NVIDIA is launching its own AI cloud service. The NVIDIA AI cloud offering will bring the full NVIDIA accelerated computing stack — from GPUs to systems to software – to customers hosted within the world’s hyperscale cloud providers, but offered directly by NVIDIA and accessible via the browser, the chipmaker said this week.
NVIDIA’s GPUs and associated software libraries have done much heavy lifting behind the scenes when it comes to popular AI. All GPT-3 models, for example, were trained on NVIDIA V100 GPUs. (The company recently started shipping its DGX H100 "purpose-built AI infrastructure", which comprises 8x H100 GPUs, 18x NVLink connections per GPU, 4x NVSwitches, 10x ConnectX network interface, bundled with Xeon CPUs and 30 Terabytes of SSD.)
NVIDIA CEO Jensen Huang has taken to describing NVIDIA as a “multi-domain accelerated computing platform” and wants to capture surging demand for AI training and inference capabilities by offering a cloud-hosted AI-as-a-Service, saying: “Generative AI's versatility and capability has triggered a sense of urgency at enterprises around the world to develop and deploy AI strategies. Yet, the AI supercomputer infrastructure, model algorithms, data processing, and training techniques remain an insurmountable obstacle for most.”
NVIDIA AI Cloud: Infrastructure to OS to models in one place
CEO Jensen Huang told analysts on a February 22, 2023 earnings call: “[We work with] 10,000 AI start-ups around the world, with enterprises in every industry. And all of those relationships today would really love to be able to deploy both into the cloud at least or into the cloud and on-prem and oftentimes multi-cloud.
“By having NVIDIA’s infrastructure full stack in their cloud, we're effectively attracting customers to the CSPs… for the customers, they now have an instantaneous infrastructure… a team of people who are extremely good from the infrastructure to the acceleration software, the NVIDIA AI open operating system, all the way up to AI models, within one entity, they have access to expertise across that entire span. This is a great model for customers. It's a great model for CSPs. And it's a great model for us. It lets us really run like the wind.”

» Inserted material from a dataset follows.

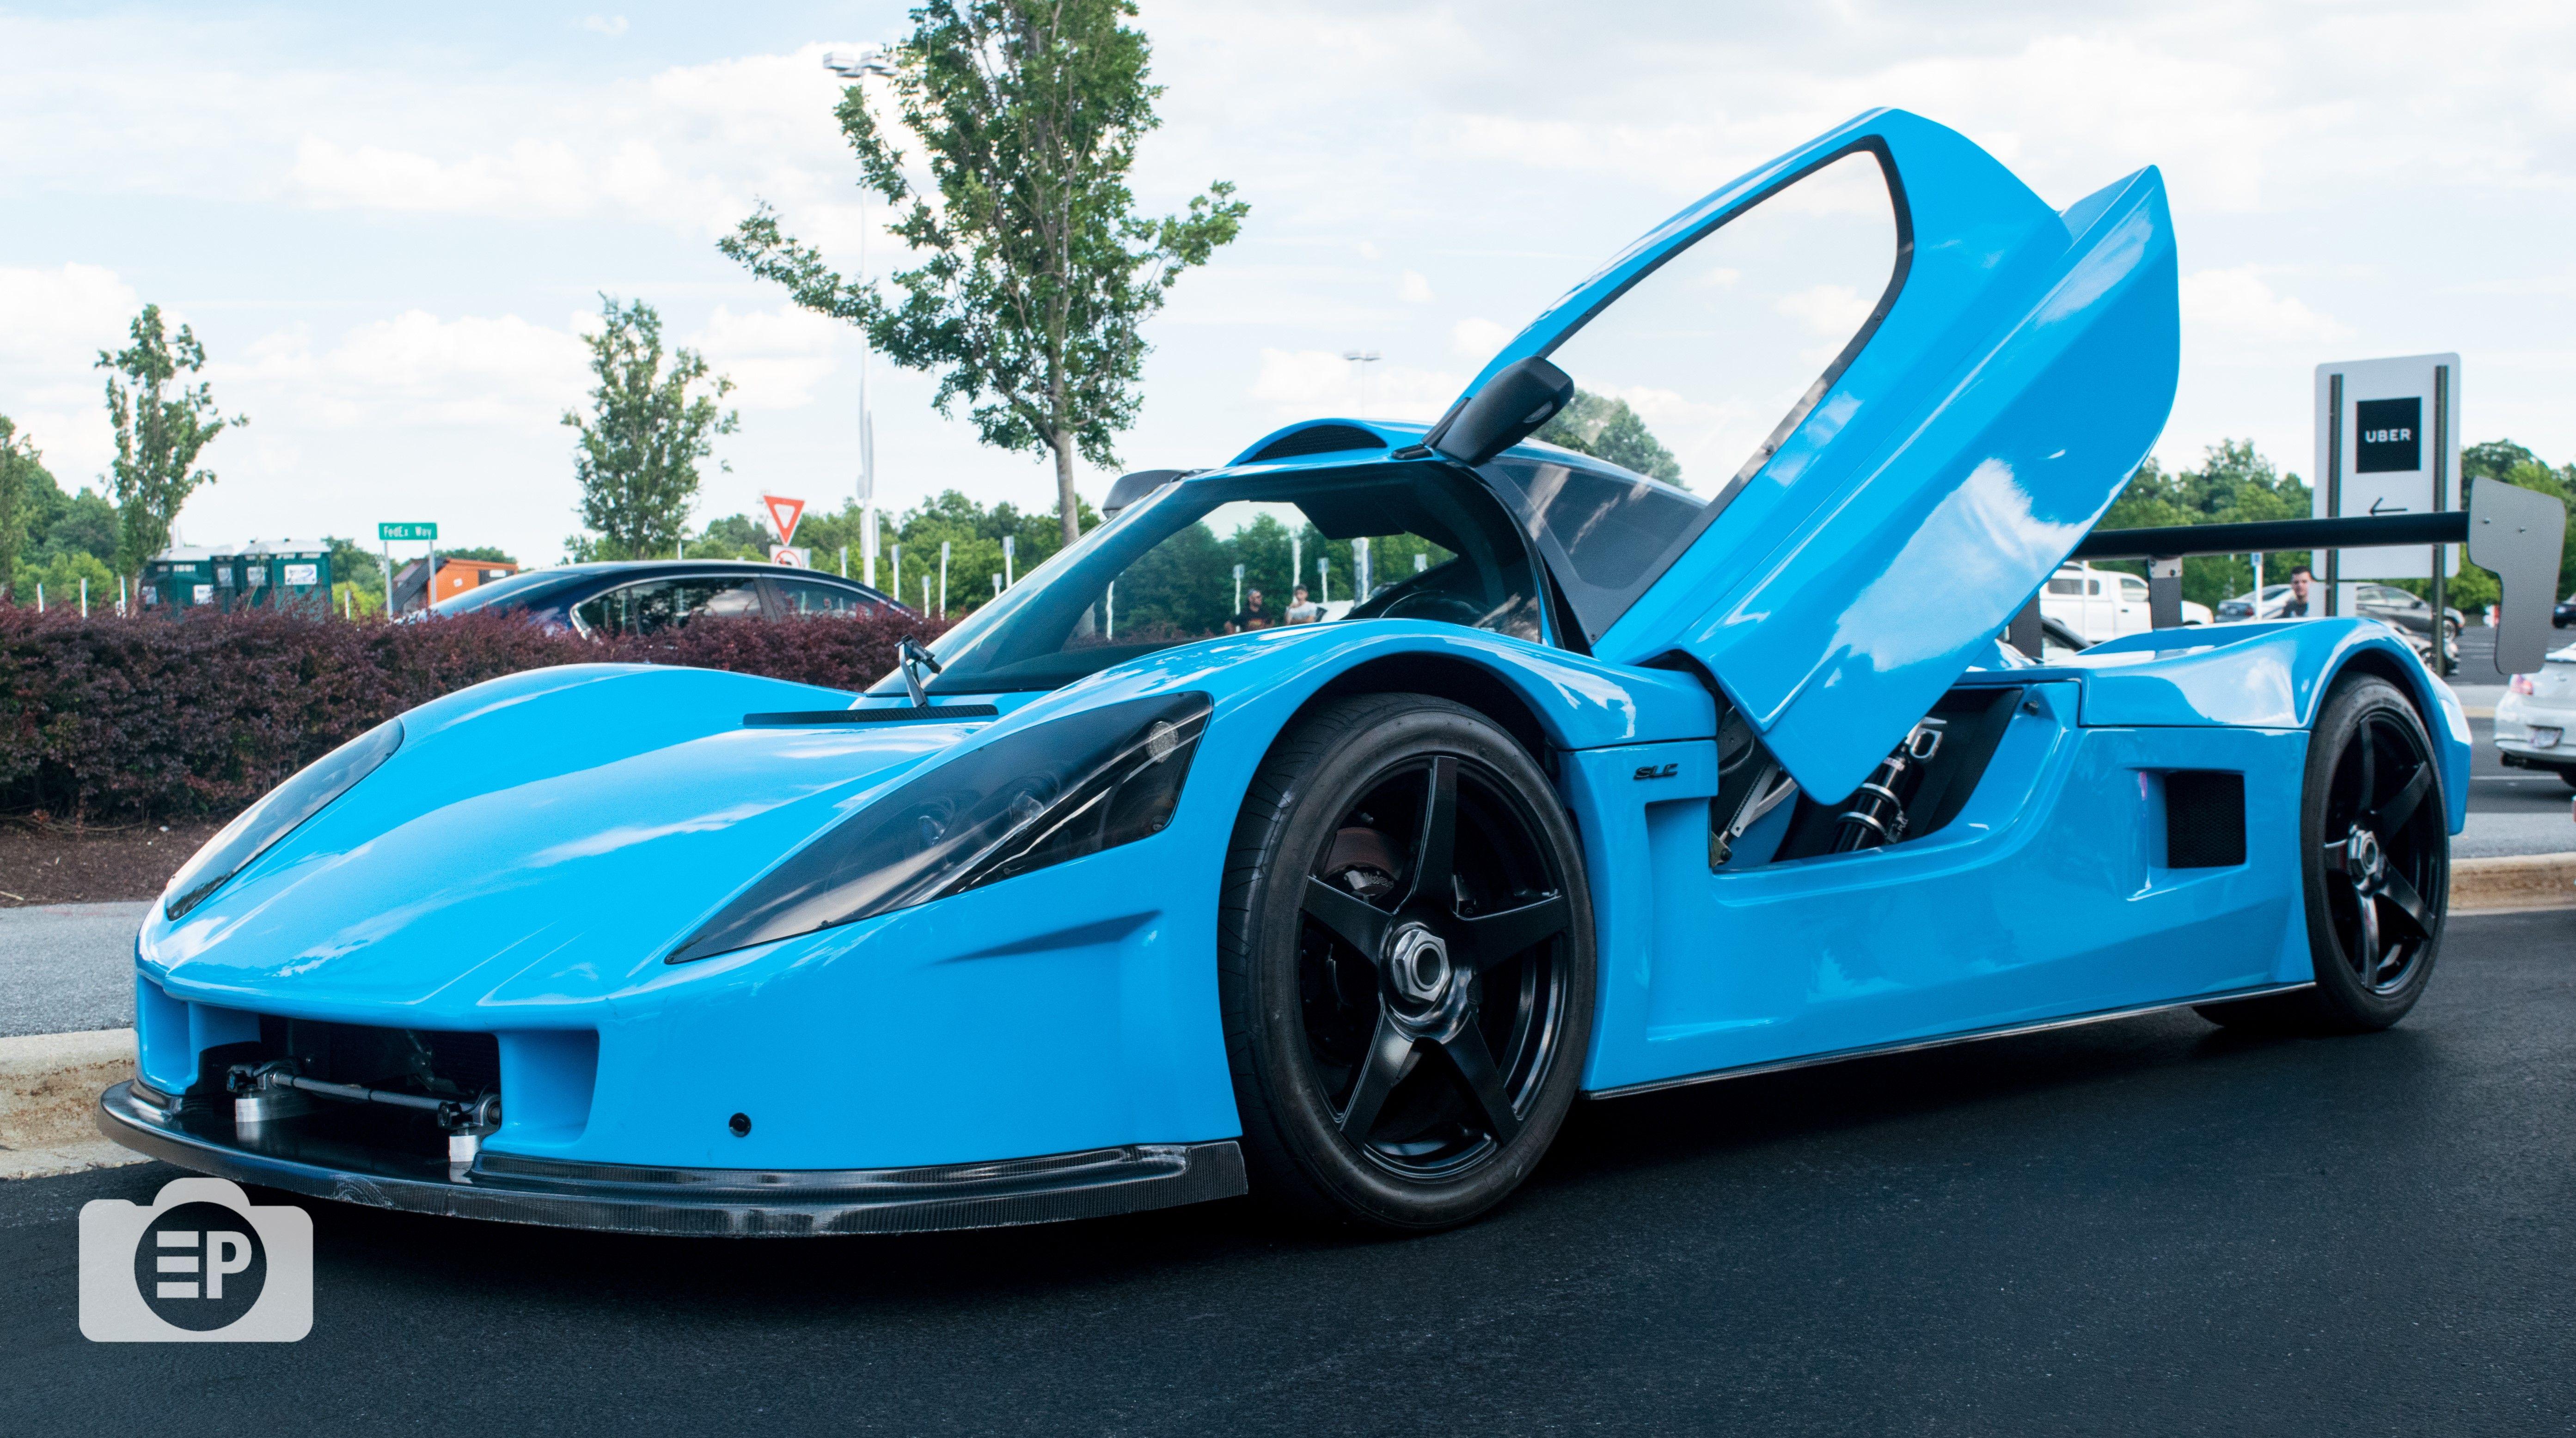 Slc Kit Car >> Superlite Slc At Fedex Field Superlite Slc Exotic Sports Cars

NVIDIA DGX Cloud builds on initial Oracle partnership
The offering builds on a partnership with Oracle Cloud Infrastructure that NVIDIA announced in October 2022.
NVIDIA is calling the offering the NVIDIA DGX Cloud and said in a release that “using their browser, they will be able to engage an NVIDIA DGX AI supercomputer through the NVIDIA DGX Cloud, which is already offered on Oracle Cloud Infrastructure, with Microsoft Azure, Google Cloud Platform and others expected soon.
The company added in the February 22 press release: “At the AI platform software layer, they will be able to access NVIDIA AI Enterprise for training and deploying large language models or other AI workloads. And at the AI-model-as-a-service layer, NVIDIA will offer its NeMo and BioNeMo customizable AI models to enterprise customers who want to build proprietary generative AI models and services for their businesses.”
Huang concluded: "New companies, new applications and new solutions to long-standing challenges are being invented at an astounding rate. Enterprises in just about every industry are activating to apply generative AI to reimagine their products and businesses. The level of activity around AI, which was already high, has accelerated significantly. This is the moment we've been working toward for over a decade. And we are ready."
That's a lot of airtime The Stack has given NVIDIA here and we understand some potential customers may have many questions around everything from availability to cost to whether AWS is going to be part of this launch. We don't have answers yet but we will: The company plans to reveal more details about the NVIDIA AI Cloud at its GTC developer conference, taking place virtually March 20-23 and we'll tackle this offering more robustly then.